In der Mitte 2022 veröffentlichten Auslobung für einen nichtoffenen, einphasigen Realisierungswettbewerb nach RPW wurden Entwürfe für ein rund 12.785 Quadratmeter umfassendes Raumprogramm mit Flächen für Lehre, Werkstätten, Studios, Büros, Aula, Mensa, Bibliothek und Tiefgarage sowie für ein Studierendenwohnheim mit 53 Einzelappartements und 12 Wohnungen auf circa 1.547 Quadratmetern gesucht. Das Kasseler Büro ANP Architektur- und Planungsgesellschaft betreute das Wettbewerbsverfahren.
Das Wettbewerbsgebiet umfasst zwei Baufelder, die durch eine öffentliche Grünfläche verbunden werden. Diese soll eine „Durchsicht“ vom Nordring zum Hafenbecken erlauben. Ergänzend zu den Hochbauten soll ein Freianlagenkonzept umgesetzt werden, das dem Campusgedanken und den unterschiedlichen Zonierungen entspricht. Für das Projekt ist eine „prozesshafte, robuste Architektur mit Werkstattcharakter“ gewünscht, deren Raumgrößen und Proportionen eine größtmögliche Nutzungsvielfalt bieten. Besonderes Augenmerk soll dabei auf der Nachhaltigkeit des Gebäudekomplexes liegen, da Hessen bis 2030 Klimaneutralität anstrebt.
Im Januar 2023 tagte die Jury unter Vorsitz von Kees Christiaanse und kürte unter 21 Einreichungen das Team der ARGE Xaveer de Geyter Architects (Brüssel) und Topotek 1 (Berlin) zum Gewinner. Zudem wurden drei weitere Plätze sowie zwei Anerkennungen verliehen. Insgesamt standen Preisgelder von 677.000 Euro zur Verfügung, wobei der erste Preis mit 130.000 Euro dotiert war.

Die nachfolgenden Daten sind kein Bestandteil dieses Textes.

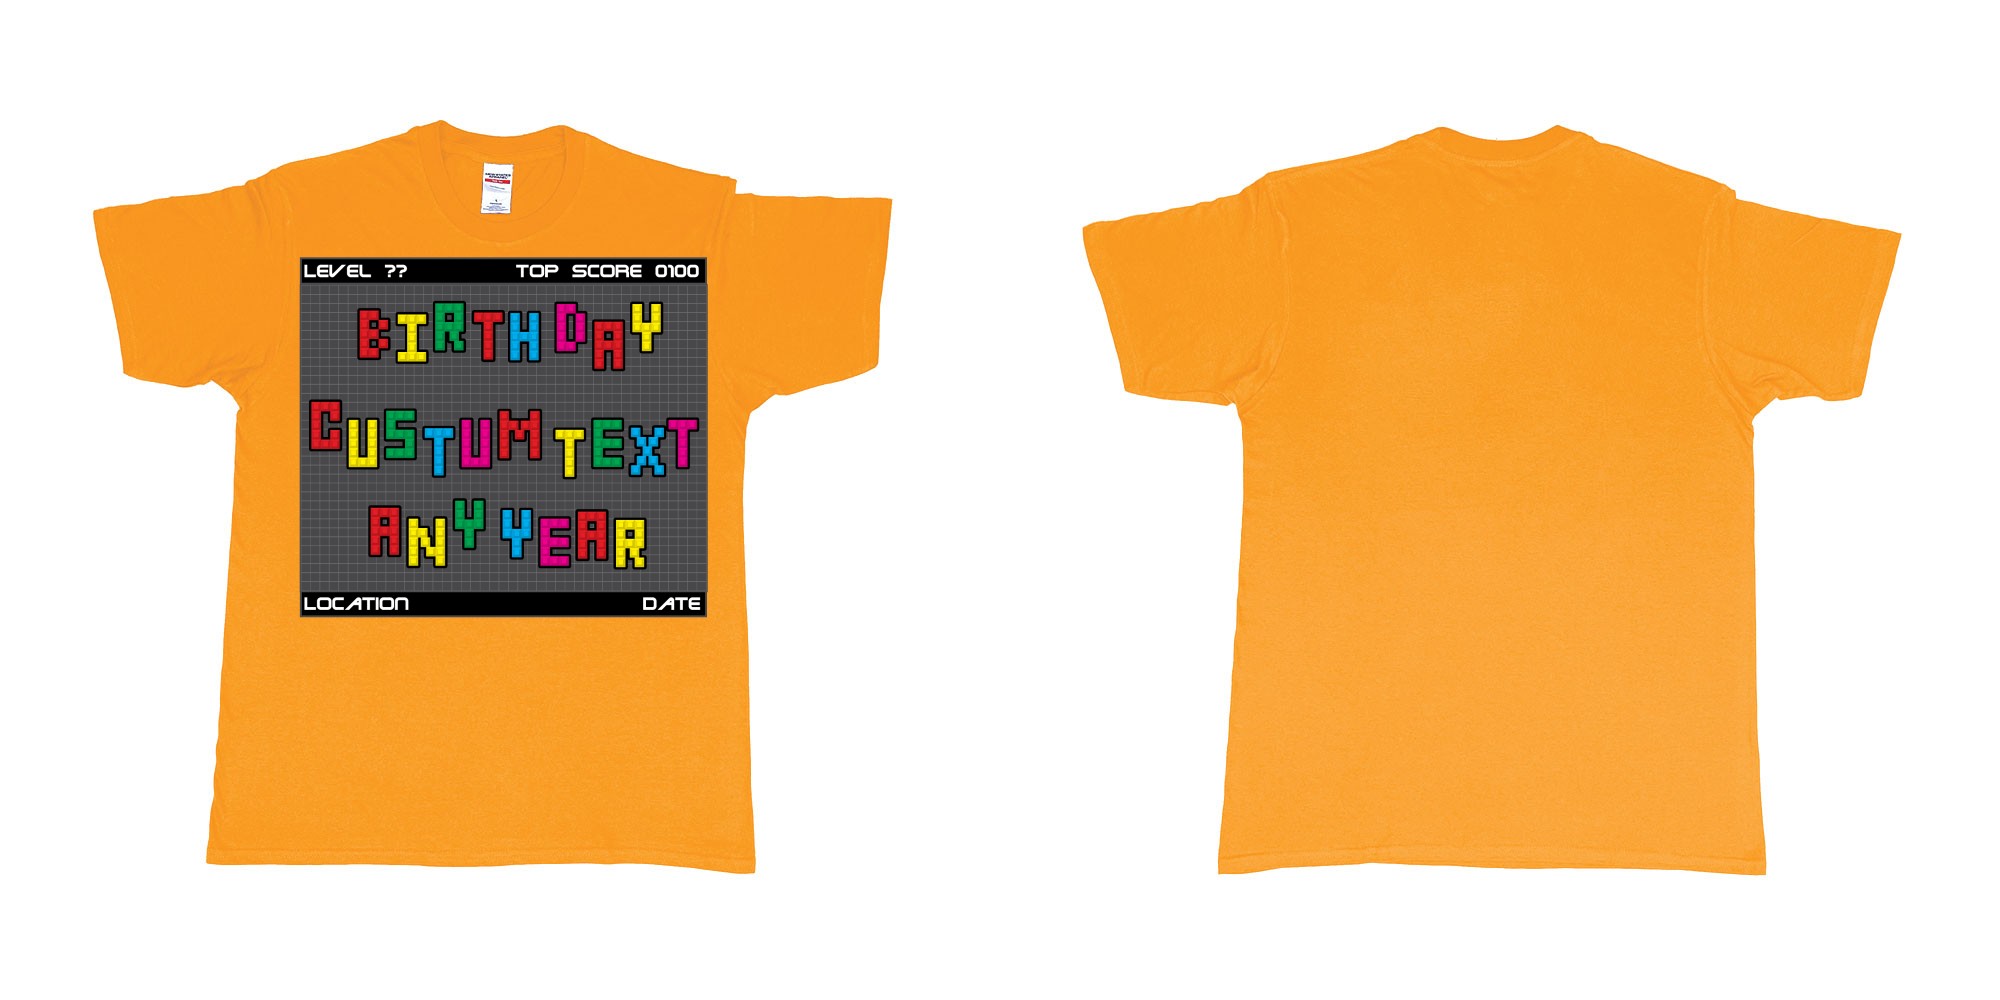 Custom tshirt design tetris block custom text birthday in fabric color gold choice your own text made in Bali by The Pirate Way

Die Platzierung im Detail:
Das Gewinnerteam organisiert die künftige HfG als kleine Stadt, bestehend aus zwei kompakten Baukörpern, die das Wohnheim integrieren. Ihre vierstöckigen Regalstrukturen umschließen blockartig einen grünen, langgezogenen Innenhof. Ein schräg kreuzender Freiraum schafft die öffentliche Passage zum Wasser. Den Campushof könne man schon jetzt Central Park Offenbach nennen, wird HfG-Präsident Bernd Kracke in einer Pressemitteilung des Hessischen Ministeriums für Wissenschaft und Kunst zitiert.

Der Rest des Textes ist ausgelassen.